If that is true, cracked Gouverneur Morris, “The Vice President then will be the first heir apparent that ever loved his father. If there should be no Vice President, the President of the Senate would be temporary successor, which would amount to the same thing.” 

Roger Sherman saw “no danger in the case.”  After all, he mused, “If the Vice President were not to be President of the Senate, he would be without employment, and some member by being made President must be deprived of his vote, unless when an equal division of votes might happen in the Senate, which would be but seldom.” But George Mason did see “danger.” For Mason, the office of Vice President as proposed is an “encroachment on the rights of the Senate…It mixes too much the Legislative and Executive, which as well as the Judiciary departments, ought to be kept as separate as possible.”

Mason went on to express his concerns about appointments, not wishing to vest so dangerous a power in the President alone but also dubious about giving the power to either branch of the legislature. To avoid both, he proposed that “a privy Council of six members to the President should be established.” To be chosen by the Senate for terms of six years, two would come “out of the Eastern, two out of the middle, and two out of the Southern quarters of the Union” and rotate every second year. Concurrence of the Senate would be required only in the appointment of ambassadors and making treaties.

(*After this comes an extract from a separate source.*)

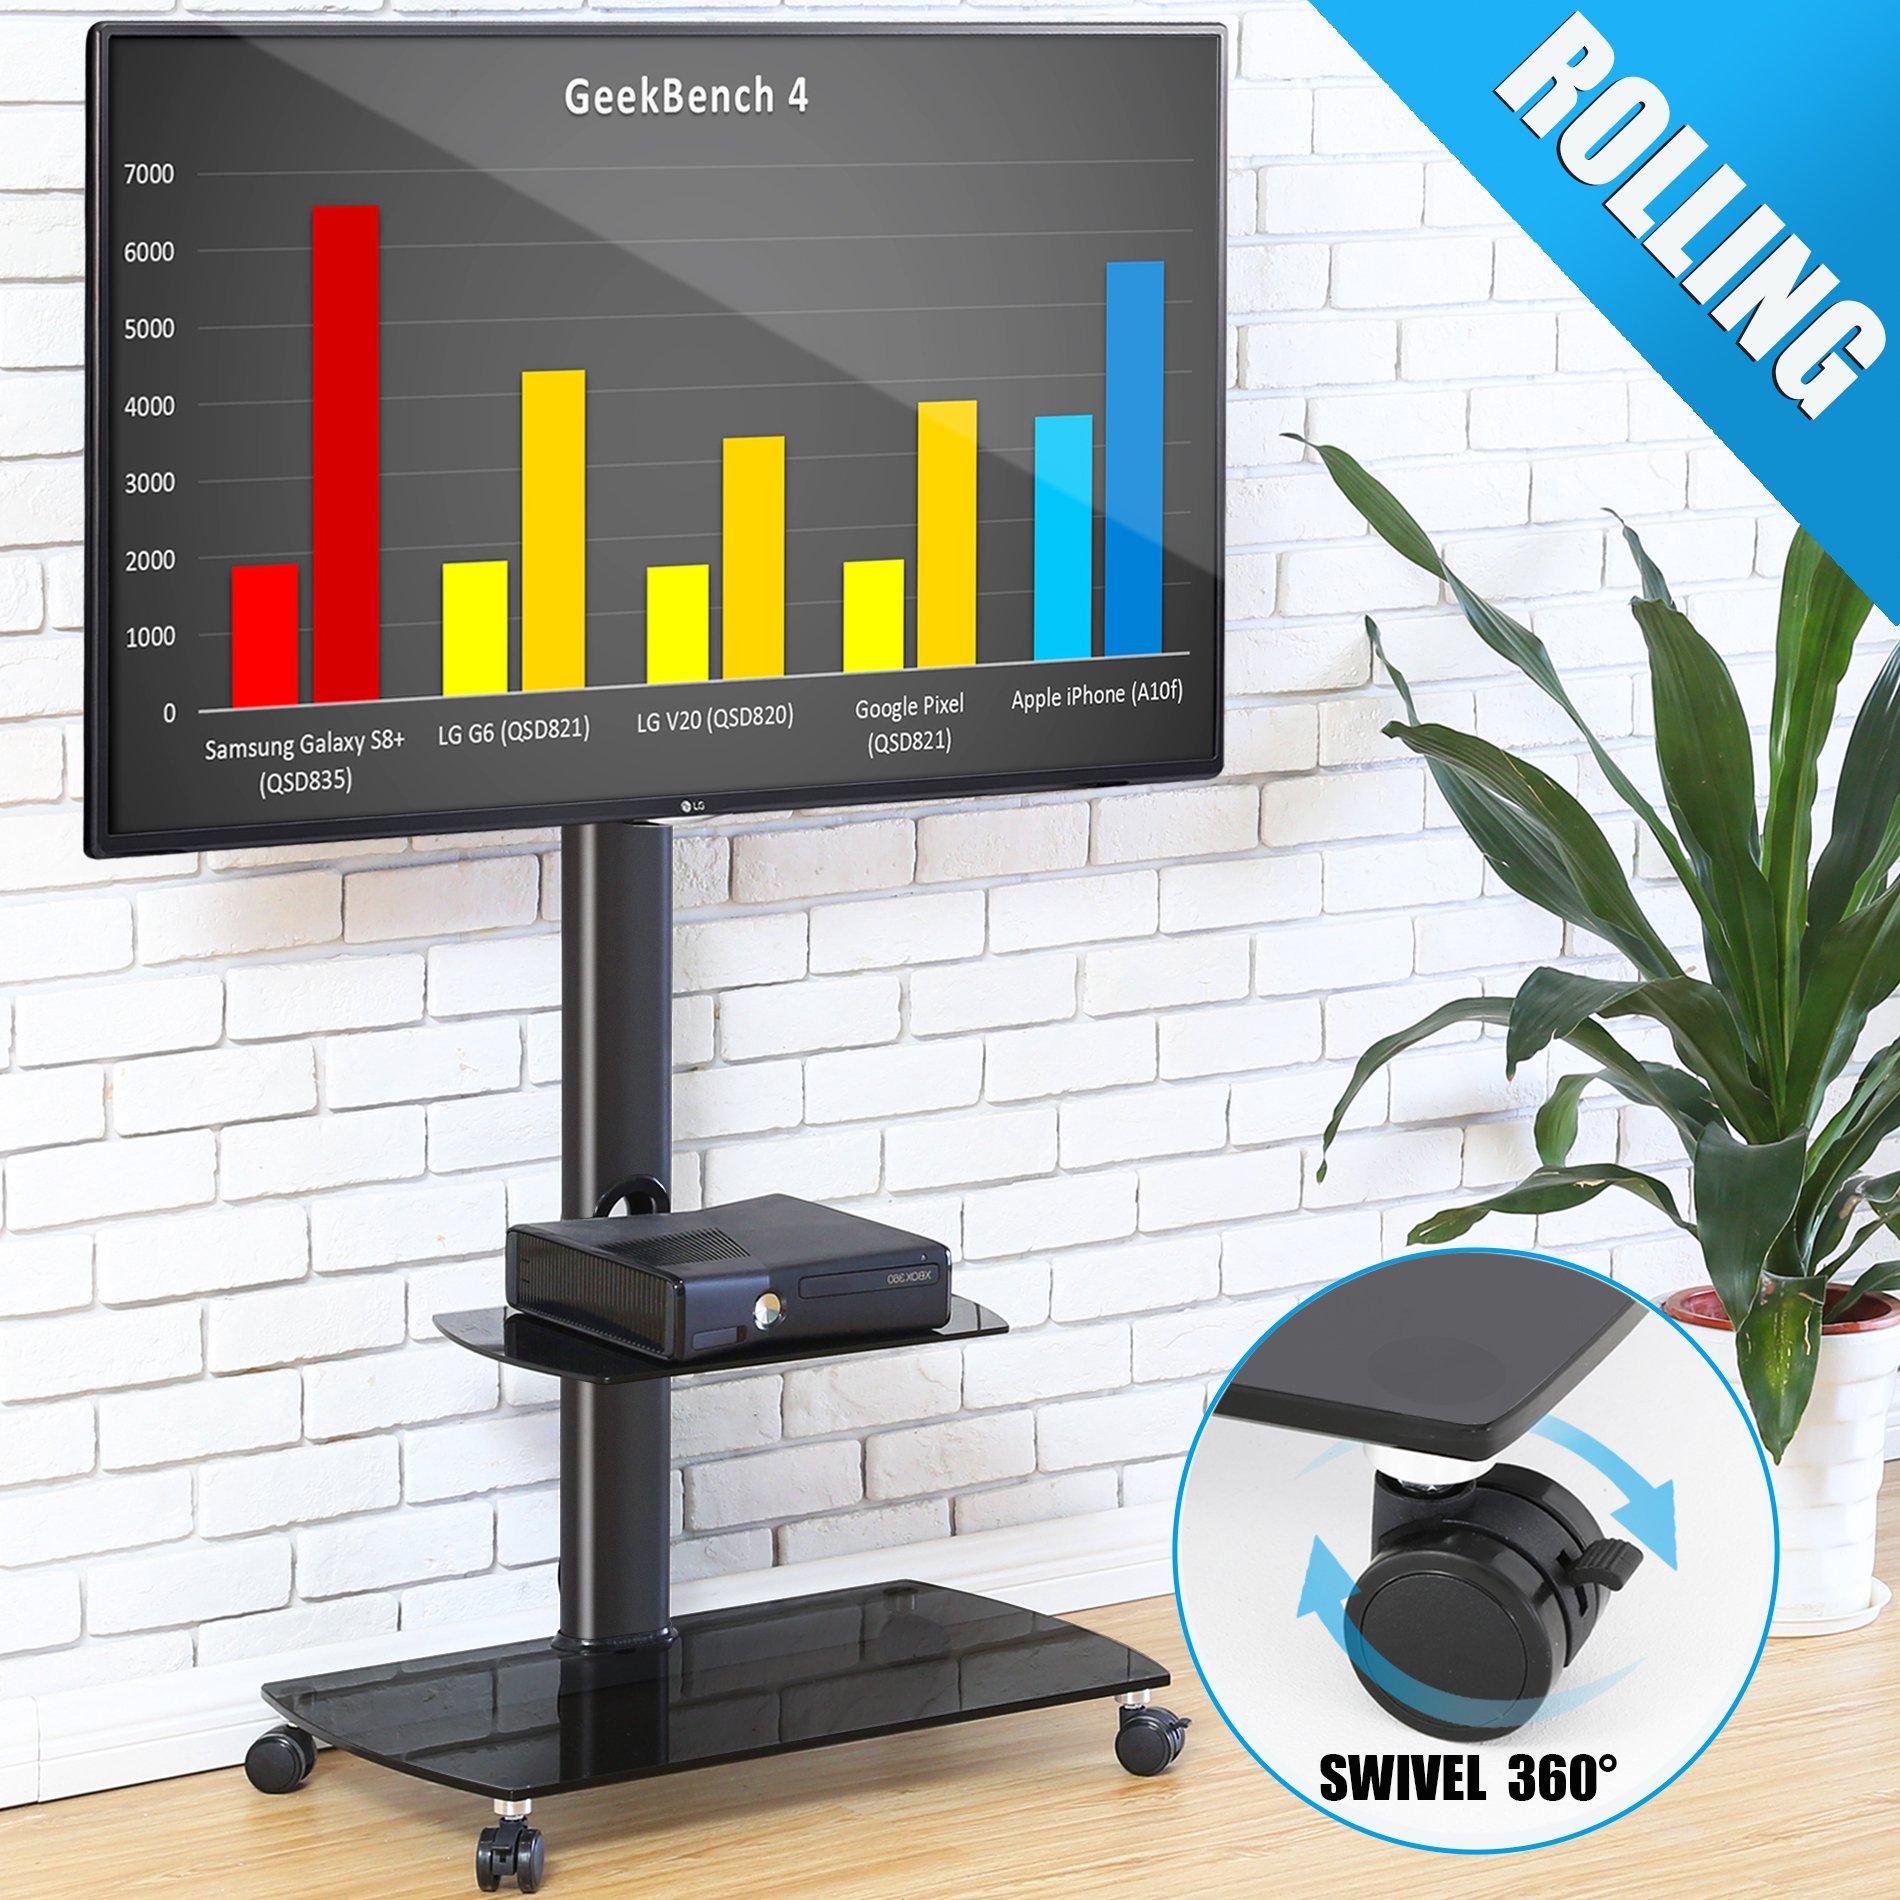 45bce47e869 FITUEYES Soporte Móvil de Suelo con 2 Estantes para TV LCD LED OLED Plasma  Plano Curvo

Mason argued that in rejecting such a Council to the President, “we are about to try an experiment on which the most despotic governments had never ventured.” He moved to direct the Committee on Postponed Parts to prepare a recommendation for establishing an Executive Council. Benjamin Franklin seconded the motion, asserting that “a Council would not only be a check on a bad President but be a relief to a good one.” Morris, a member of the Committee, reported the Committee had actually considered the question of a Council and decided against it. Mason’s motion was defeated 3 – 8.

Appointment of national officers and approval of treaties still must be decided. The Committee report provided that “the President, by and with the consent of the Senate, shall have power to make treaties, etc.” After a failed attempt to substitute “the House of Representatives” for “the Senate,” the Committee’s proposal passed nem. con. Nevertheless, other issues remained.  For example, should approval of treaties require a two-thirds vote? James Wilson answered “no.” A two-thirds requirement “puts it in the power of a minority to control the will of majority.” 

Madison went so far as to require that two thirds of the Senate ratify a treaty, but without the concurrence of the President. Pierce Butler agreed. “It is a necessary security against ambitious and corrupt Presidents,” he argued. But Madison’s motion failed 3 – 8. Wilson was also defeated, and the Convention voted in favor of requiring a two-thirds vote of the Senate for ratification of treaties.

James Madison then proposed that the two-thirds requirement not be applied to “treaties of peace.” His motion was readily adopted, but his proposal that such treaties be made without the concurrence of the President met with stiff resistance. Madison was concerned that “the President would necessarily derive so much power and importance from a state of war that he might be tempted, if authorized, to impede a treaty of peace.” His motion failed 3 – 8.

After further debate, the Committee’s proposal that the President “nominate and appoint ambassadors,” with the advice and consent of the Senate, was agreed to, although some delegates continued to assert it improperly mixes the executive and legislative branches. Morris, on the other hand, sees security in the proposition. “As the President is to nominate, there would be responsibility, and as the Senate is to concur, there would be security.”  

The Convention has made significant progress, if not unanimity, deliberating the recommendations from David Brearley’s Committee on Postponed Parts. Brearley seldom addresses the Convention on the floor, but he has deftly guided the Committee’s negotiations with experience and a calm judicial temperament that fosters compromise and conciliation. Their work has hastened the conclusion of the Convention’s work.